Это означает, как верно подчеркивает Агамбен, что действие «нормальных» этических правил здесь приостановлено: мы не можем просто порицать их судьбу, сожалея о том, что они лишены основных человеческих достоинств, ведь быть порядочным, сохранять достоинство перед мусульманином значит уже проявлять крайнее неприличие. Нельзя просто игнорировать мусульманина: любая этическая позиция, которая не противостоит ужасающему парадоксу мусульманина, по определению оказывается неэтичной, оказывается непристойной пародией на этику а если мы действенно противостоим мусульманину, то такое понятие, как «достоинство» лишается своего основания. Иначе говоря, «мусульманин» — не просто низший в иерархии этических типов («у него не только нет достоинства, но даже животной жизненной силы и эгоизма»), но — нулевой уровень, обессмысливающий всю иерархию. Не принимать во внимание этот парадокс значит приобщиться к тому цинизму, который исповедовали нацисты, когда сначала жестоко низводили евреев до недочеловечсского уровня, а потом предъявляли эту картину как доказательство их неполноценности. Они довели до предела процедуру унижения, которая напоминает ситуацию, в которой я, скажем, отбираю ремень у достойного человека, вынуждая его придерживать штаны руками, а затем высмеиваю его как недостойного…

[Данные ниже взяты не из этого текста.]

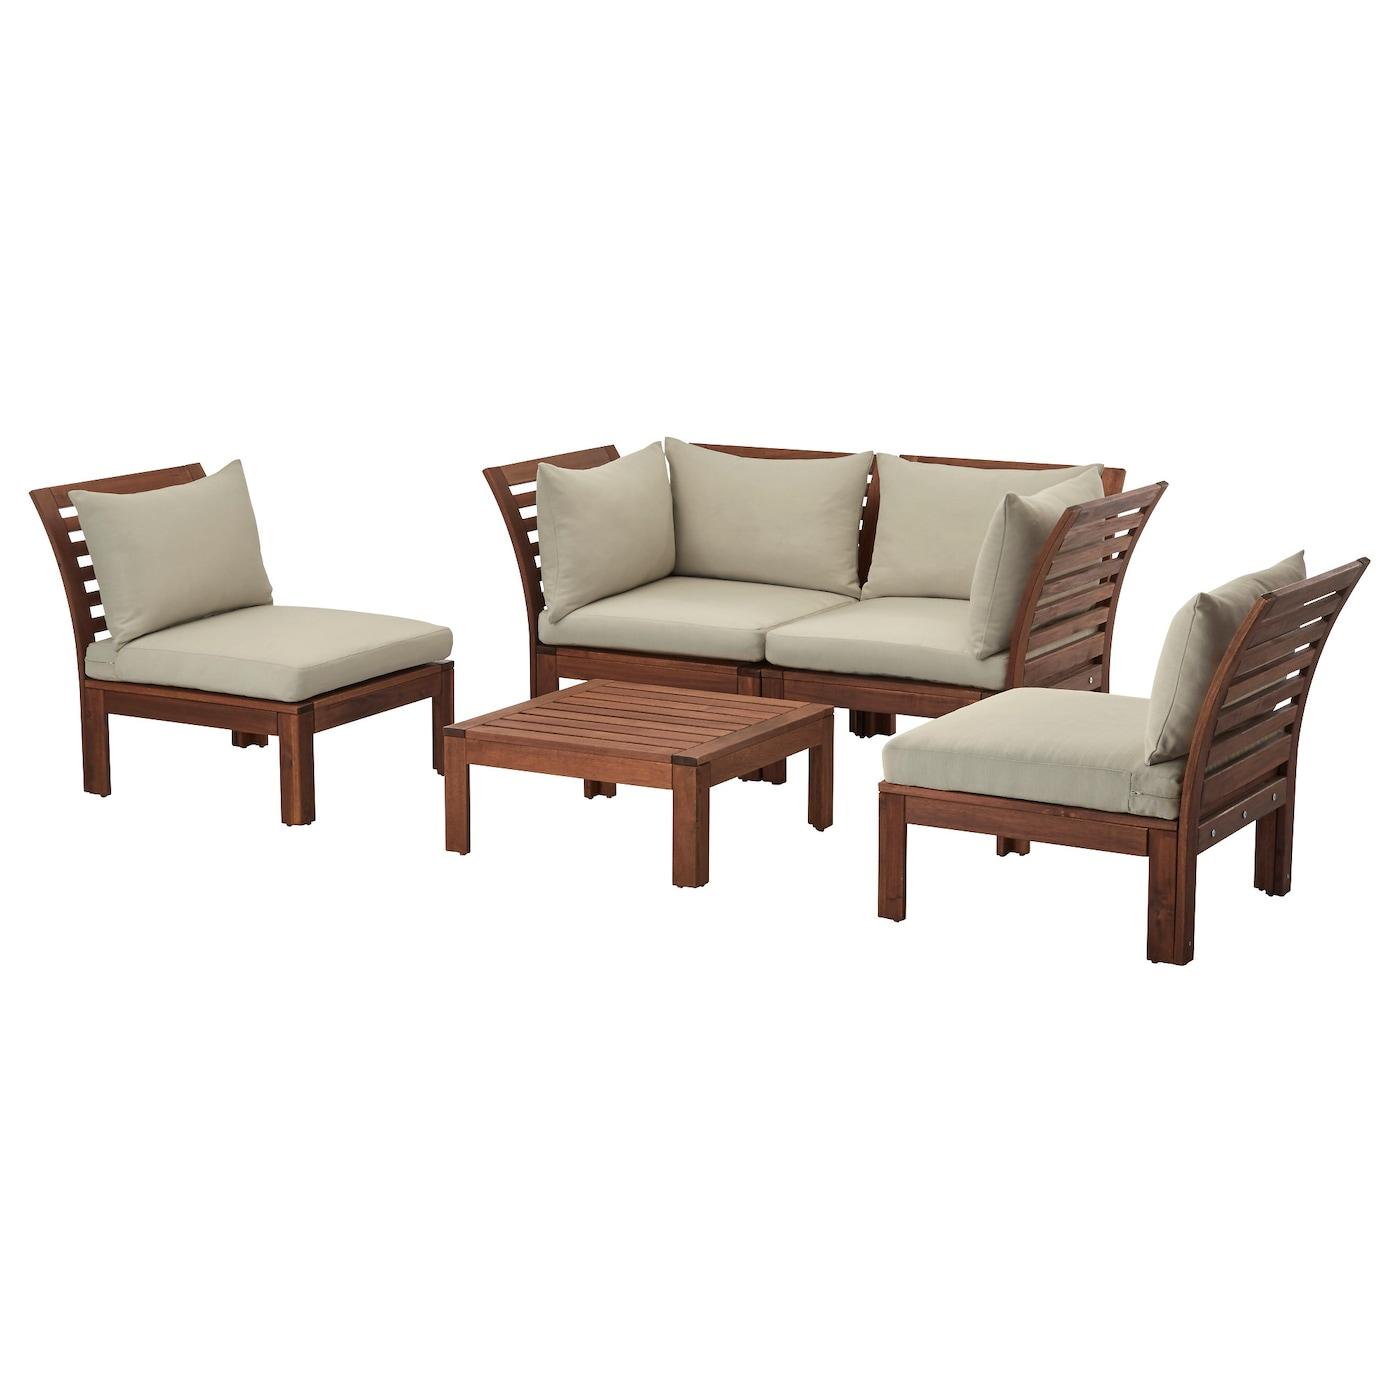 Lounge sofa outdoor holz  ÄPPLARÖ 4-seat conversation set, outdoor Brown stained/hållö beige ...
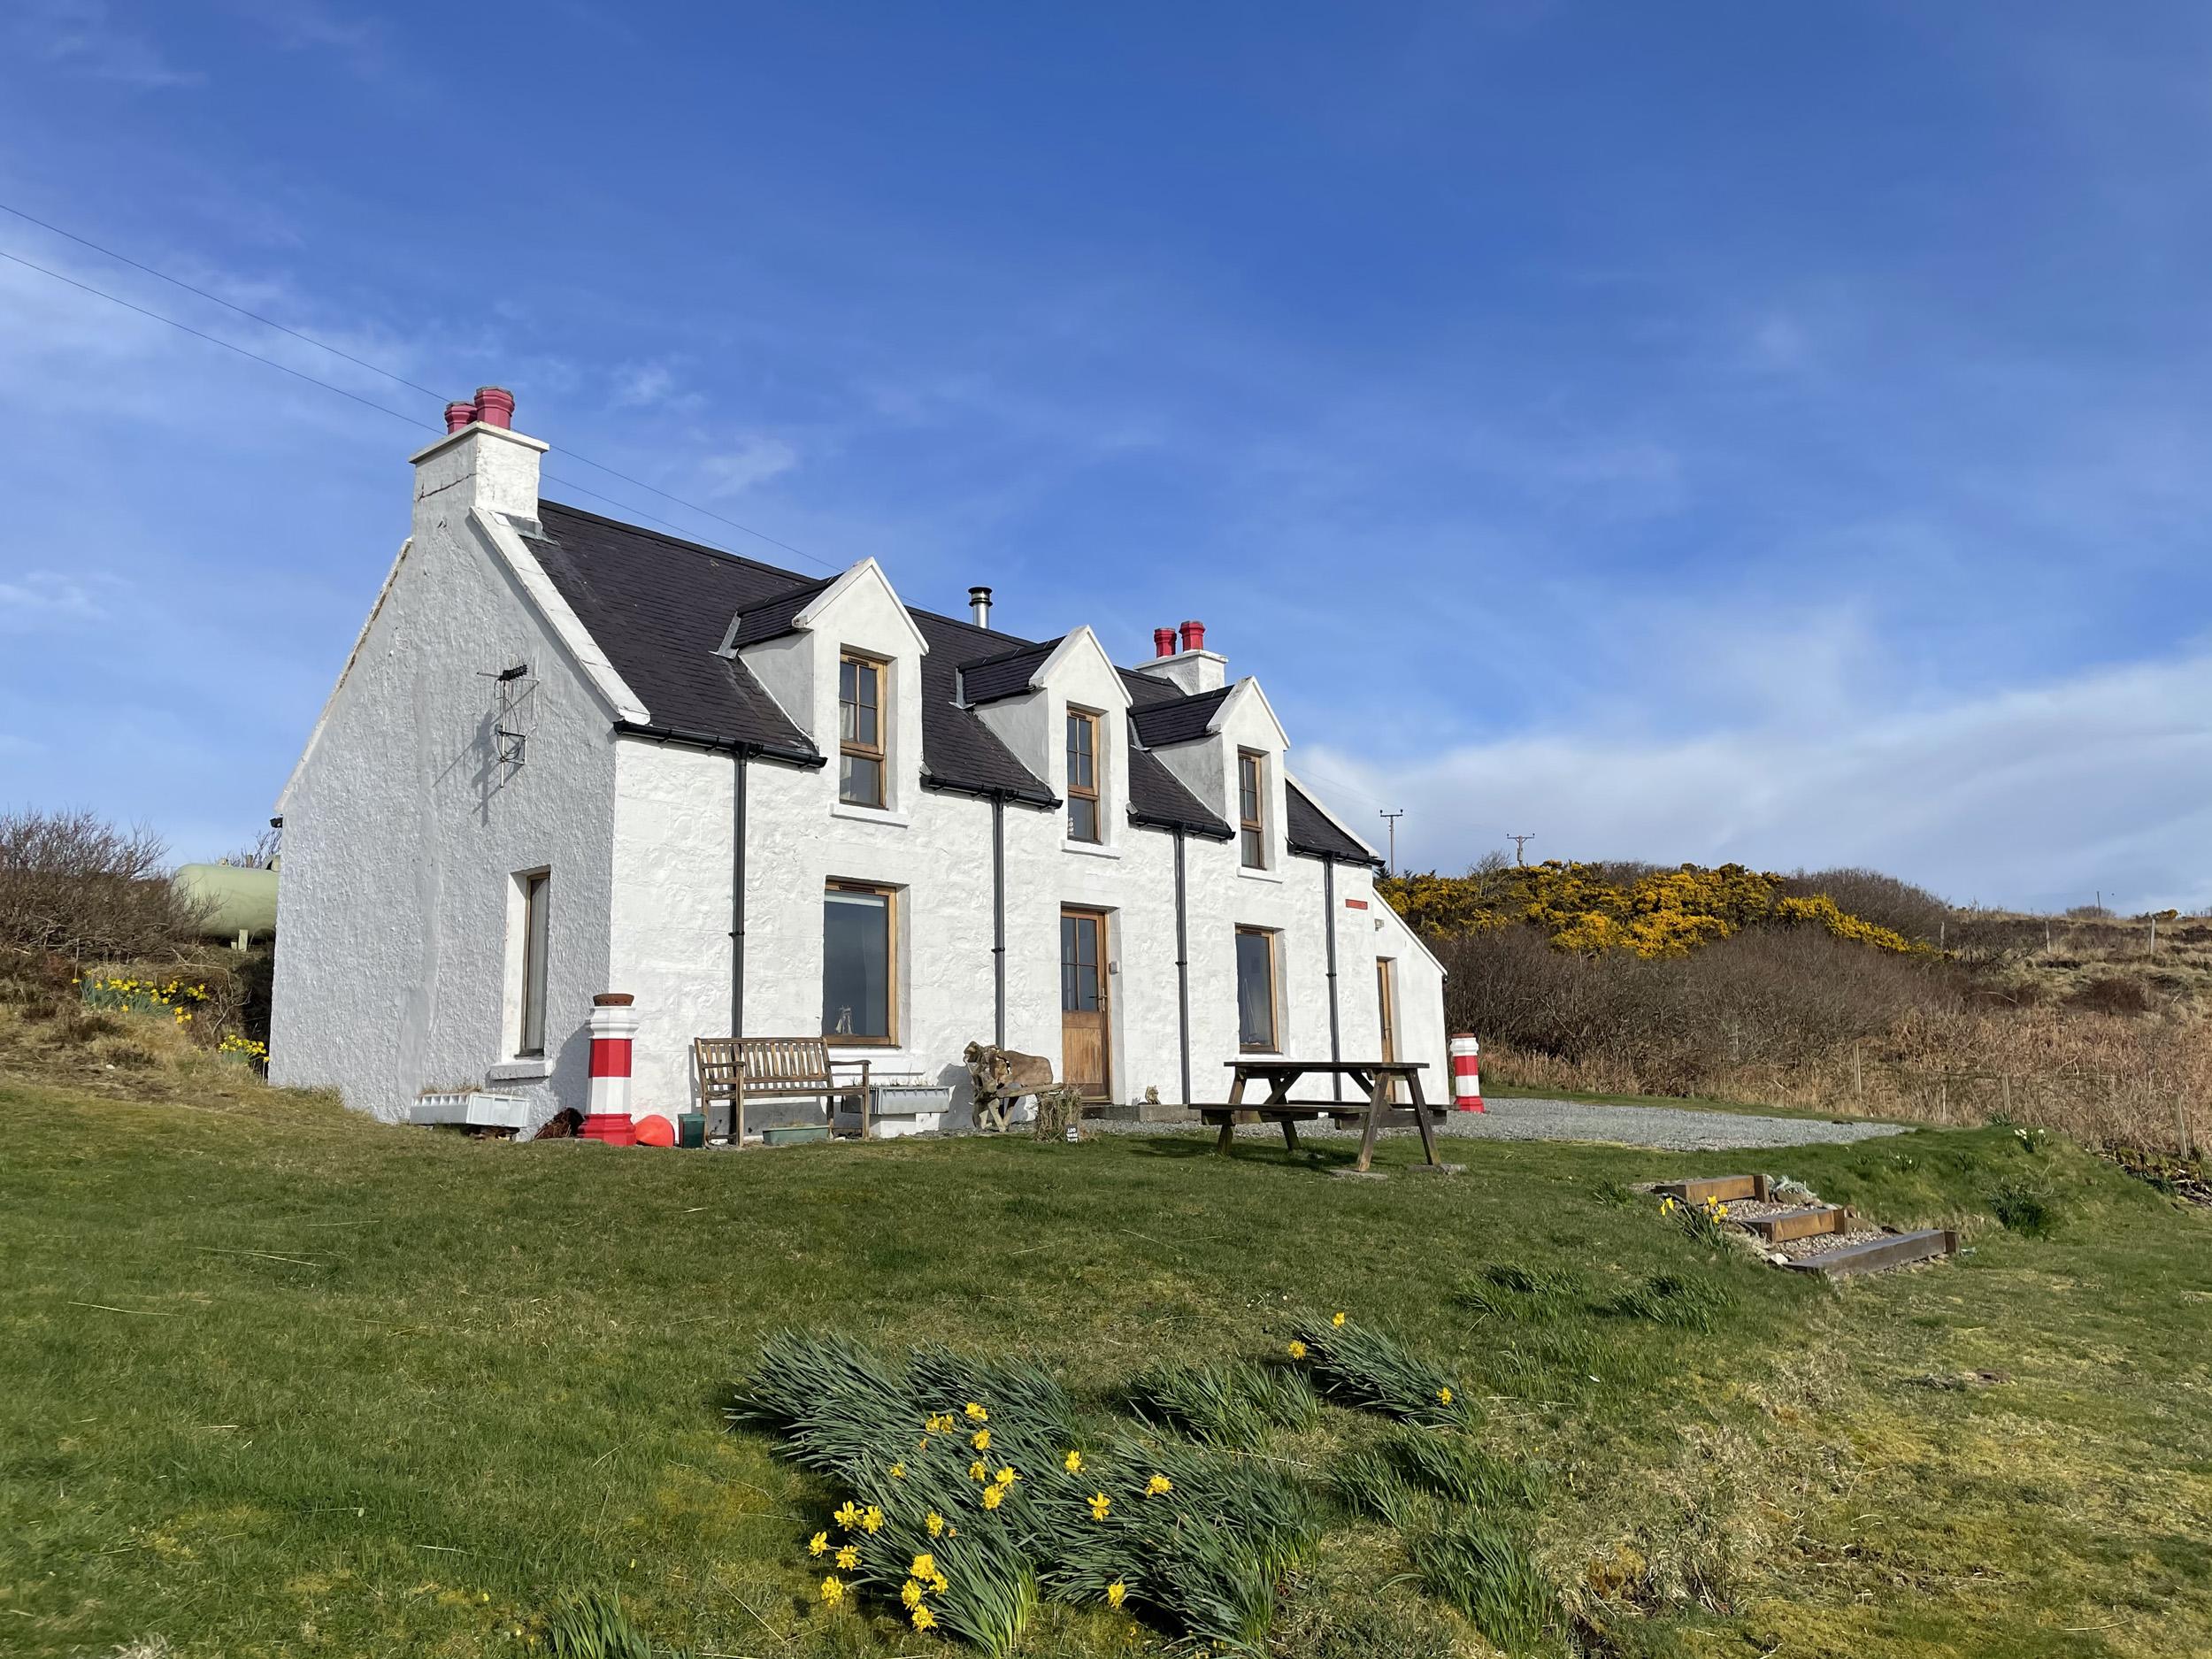 Red Chimneys Cottage, Dunvegan

В современной философии существуют две противоположные позиции в отношении смерти — позиция Хайдеггера и Бадью. Для Хайдеггера подлинная смерть (противопоставленная анонимному «кто–то умирает») есть допущение предельной невозможности существования здесь–бытия как «моего». Для Бадью смерть (конечность и смертность) — то, что у нас общего с животными, а подлинно человеческим измерением оказывается «бессмертие», ответ на призыв «вечного» события . Вопреки противоположности, у Хайдеггера и Бадью одна и та же матрица — оппозиция подлинного вовлеченного существования и безымянной эгоистичной жажды, участия в жизни, в которой вещи — это просто «функция». Уникальная позиция мусульманина опровергает оба полюса этой оппозиции: сказать, что он ведет неподлинную жизнь безличного существа (das Man ) на том основании, что он не вовлечен в аутентичный экзистенциальный проект, значит проявить крайний цинизм. Мусульманин находится где–то в другом месте, он — третий член, нулевой уровень, подрывающий саму оппозицию между подлинным существованием и безличным существом (das Man ). Этот нечеловеческий «неделимый остаток» человеческого, это существование вне свободы и достоинства, более того, вне самой оппозиции добра и зла характеризует современную посттрагическую позицию, куда более чудовищную, чем любая классическая трагедия. Если же эту позицию все–таки описывать в терминах греческих трагедий, то нужно сказать, что исключительный статус мусульман объясняется тем, что они находятся в запретной зоне, зоне невыразимого ужаса: лицом к лицу сталкиваются они с самой вещью .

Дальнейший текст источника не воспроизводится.